Organisées par le Centre Pierre Naville (laboratoire de recherche en sociologie du travail), ces deux journées d’étude s’étaient donné pour tâche d’interroger la manière dont les organisations syndicales s’approprient les questions de santé au travail. Que ce soit sur le plan de la « négociation collective, des luttes institutionnelles ou de l’action collective », il s’agissait de faire le point sur les différentes stratégies syndicales en la matière, et cela au moment où les constats alarmistes sur la santé des travailleurs se multiplient.
Six tables rondes-ateliers étaient au programme, consacrés à des questions qui rejoignent bien souvent nos propres préoccupations : dans quelle mesure le CHSCT peut-il constituer un « lieu privilégié pour améliorer les conditions de travail ? » (atelier 2) ; ou encore, en lien avec idée que nous défendons selon laquelle « le véritable expert du travail est le travailleur lui-même », l’atelier 3 posait la question des rapports entre les « savoirs militants » et les « savoirs experts » ; l’atelier 6 se penchait quant à lui sur les enseignements que l’on peut tirer des « recherches-actions », notamment celles menées sur l’intensification du travail ? ; le thème de l’atelier 4 : « Quels accords collectifs et quelles luttes collectives pour la santé au travail ? », avait en partie été amorcé la veille par la première table ronde consacrée à la « nouvelle donne pour les organisations syndicales » ; enfin, en écho à l’initiative du Collectif pour la santé des travailleuses et des travailleurs, l’atelier 5 « Comment (re)politiser les débats sur la santé au travail ? » prenait un relief particulier.
Mais un autre point (ô combien crucial en ces temps de remise en cause politique des IRP) nous paraît devoir être noté.

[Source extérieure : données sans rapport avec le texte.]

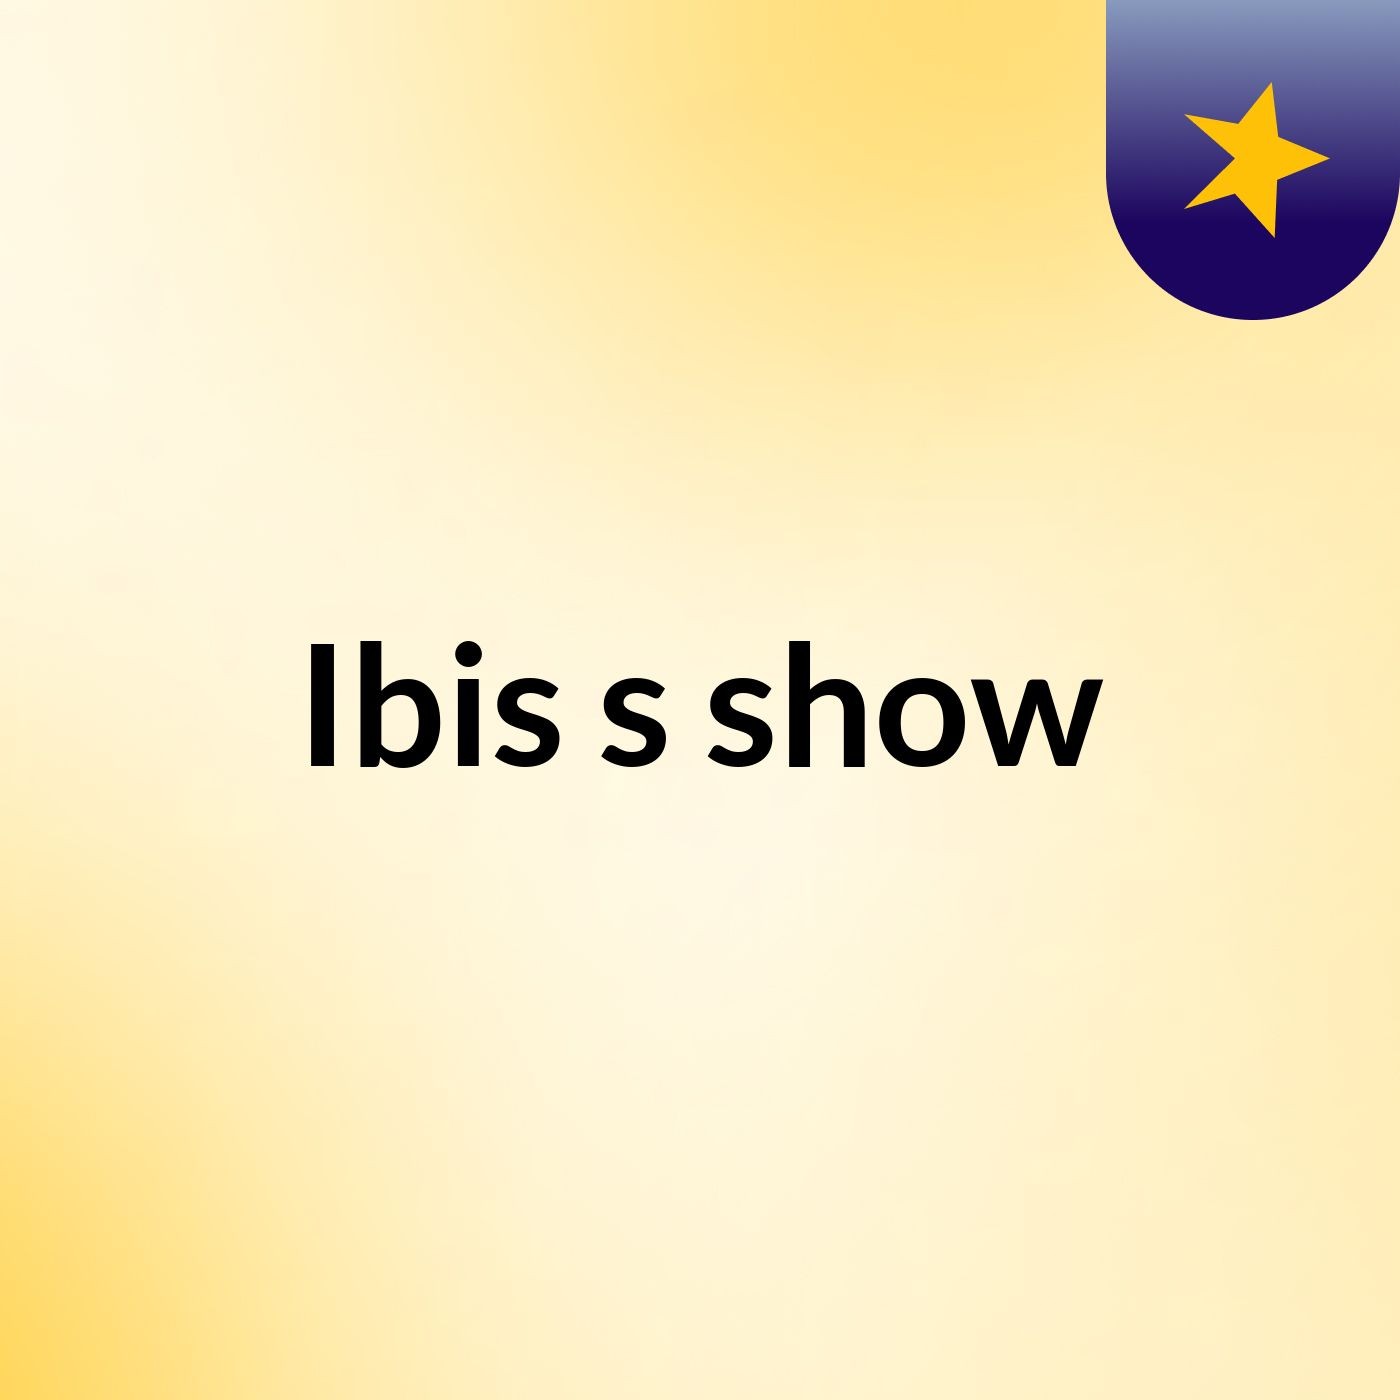 Ibis's show

Partant du principe que les syndicalistes pouvaient eux-mêmes contribuer à la connaissance de « l’objet » de ces « journées d’étude », les organisateurs prirent le parti de leur donner largement la parole. C’est ainsi que Sabine Fortino et Annie Thébaud-Mony (sociologues), se trouvèrent réunis autour de la même table qu’Eric Beynel et Christophe Godart (de l’UGFF-CGT) pour parler des accords et des luttes collectives pour la santé au travail. Ou encore que Jean-François Naton (responsable CGT du secteur Travail/Santé) participa à la question de la (re)politisation des débats sur la santé au travail (table ronde 5). Mais l’écoute et les échanges entre chercheurs et syndicalistes ne se limitèrent pas à la tribune. Plusieurs syndicalistes présents dans la salle (CGT, SUD, CFDT,…) prirent la parole après les exposés des intervenants. Au moment où les attaques patronales et gouvernementales (loi Macron et loi de « simplification du dialogue social ») compromettent gravement les savoirs accumulés depuis plusieurs dizaines sur le travail et ses conséquences sur la santé, il nous a semblé que cet enrichissement mutuel entre chercheurs et syndicalistes était de bon augure. Il est urgent que « le savoir » sur le travail se désenclave. Les transformations sociales, politiques et juridiques inquiétantes auxquelles nous assistons en ce moment, obligent à sortir des tours d’ivoires scientifiques, mais aussi syndicales et juridiques. Le ton donné lors de ce colloque allait bien dans ce sens…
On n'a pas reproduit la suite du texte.